Tools > Options > Media Network > Advanced has an option for "DLNA Controller" which allows Media Center to control playback on the DLNA device if it is supported, rather than having to use its interface.
This option immediately made DLNA far more interesting to me now, because the interface on most DLNA devices I have used is horrible - ugly graphics, slow navigation etc.
With DLNA control, I can just use JRemote on my iPad to control what's being played back on my devices, and control multiple devices just from the iPad.
I've actually just been experimenting with using DLNA to send video and audio to the Sony TVs in my house today, and have had mixed results though.
Here's the problem with DLNA: If your device supports the file as-is, then all it's using is network bandwidth. So if you have a file that your PC can't handle, but the DLNA device can, it should play smoothly. (assuming your network is fast enough)
But if it is not a format that the device supports, you either can't play it, or you need the PC to convert the file in realtime as it's playing back. That's not a big deal for audio, but is far more demanding for HD video than actually just playing it on the PC.

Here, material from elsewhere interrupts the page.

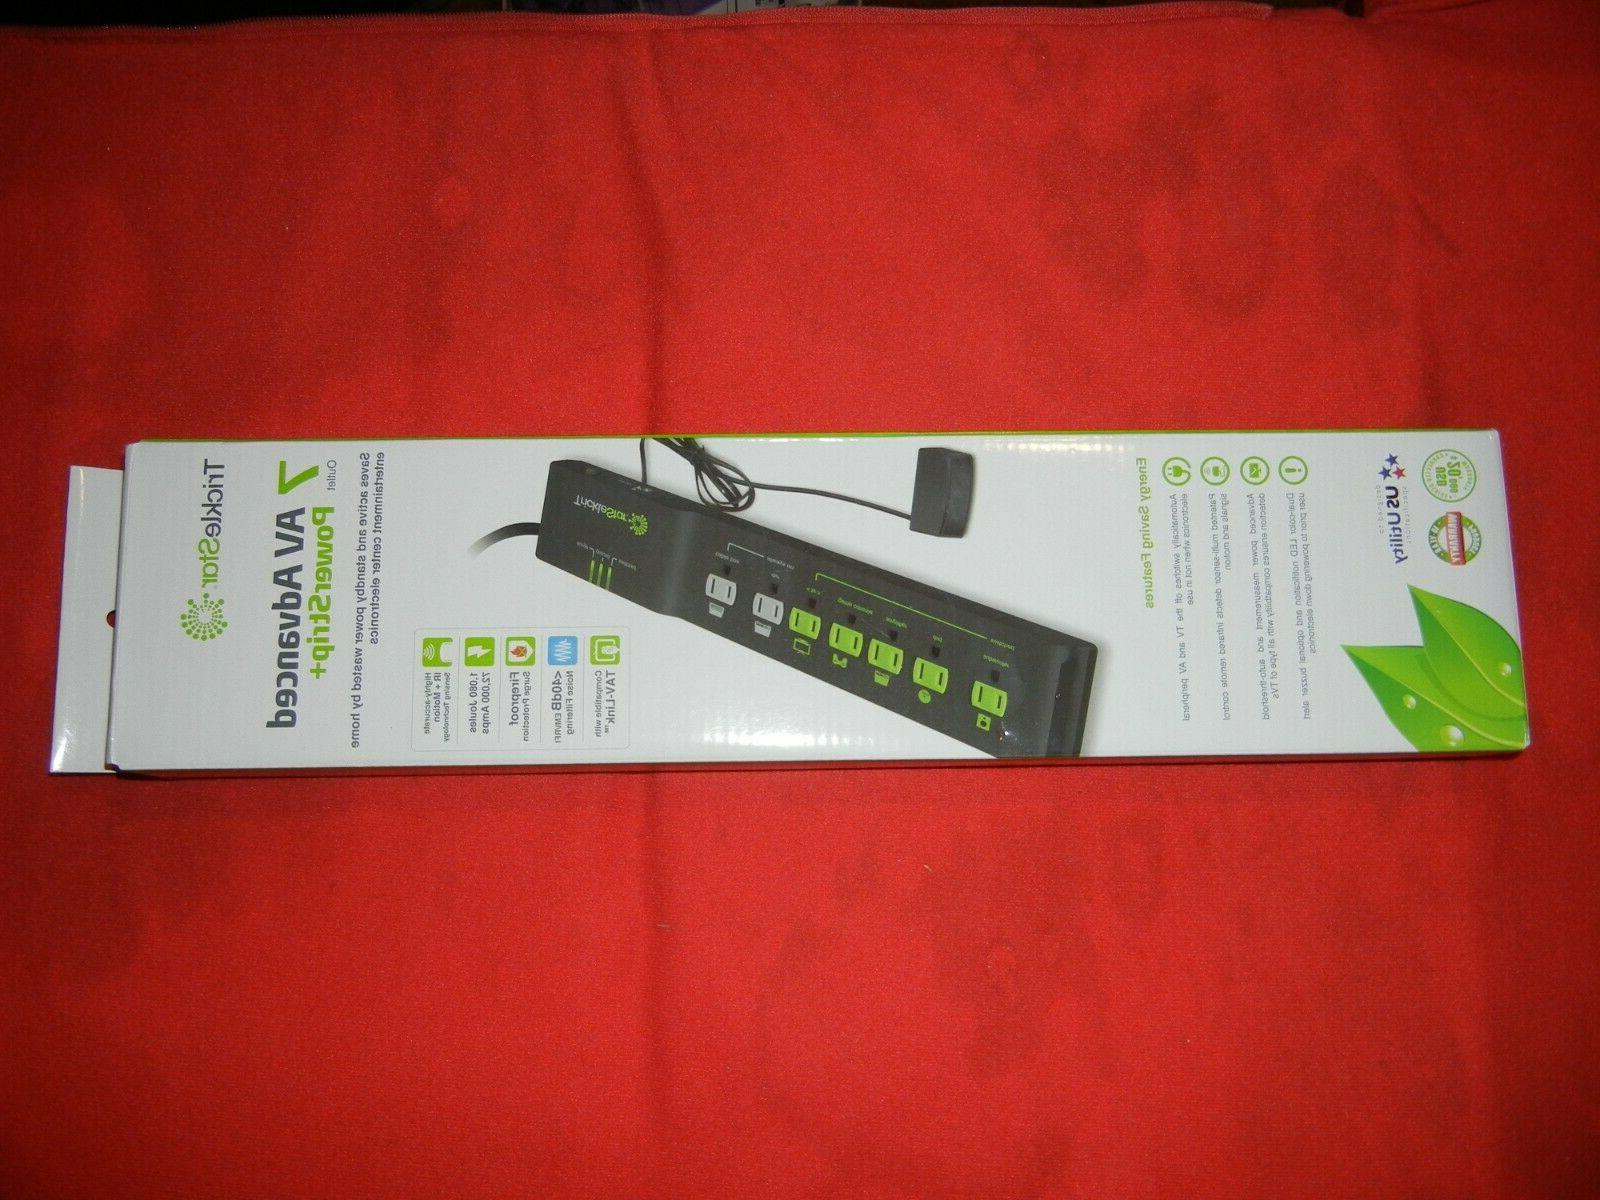 7 advanced outlet energy saving power strip

So far, I haven't got it all figured out for the Sony TVs here yet. The "Sony BD/TV" preset only streams DVD-quality video to the TVs by default, and it took a bit of hunting around before I was able to send HD video to them - but this is not native HD video, Media Center is converting the files in realtime, so the quality is worse, and my CPU usage skyrockets.
If I just put these files on a USB thumbdrive, the TV can play them back natively though, so there's no reason for it to be doing this conversion, I just have to figure out how to get it working.
If I tell Media Center not to convert the files, I just get an error on the TV saying it couldn't play the video.
So if your DLNA device supports everything natively, and works without any weird configuration required, it will do exactly what you want.
My TVs don't support MKV at all, but those are (mostly) just H.264 video inside an MKV container rather than an MP4 container, so there should be a way to convert that in realtime, without much CPU demand.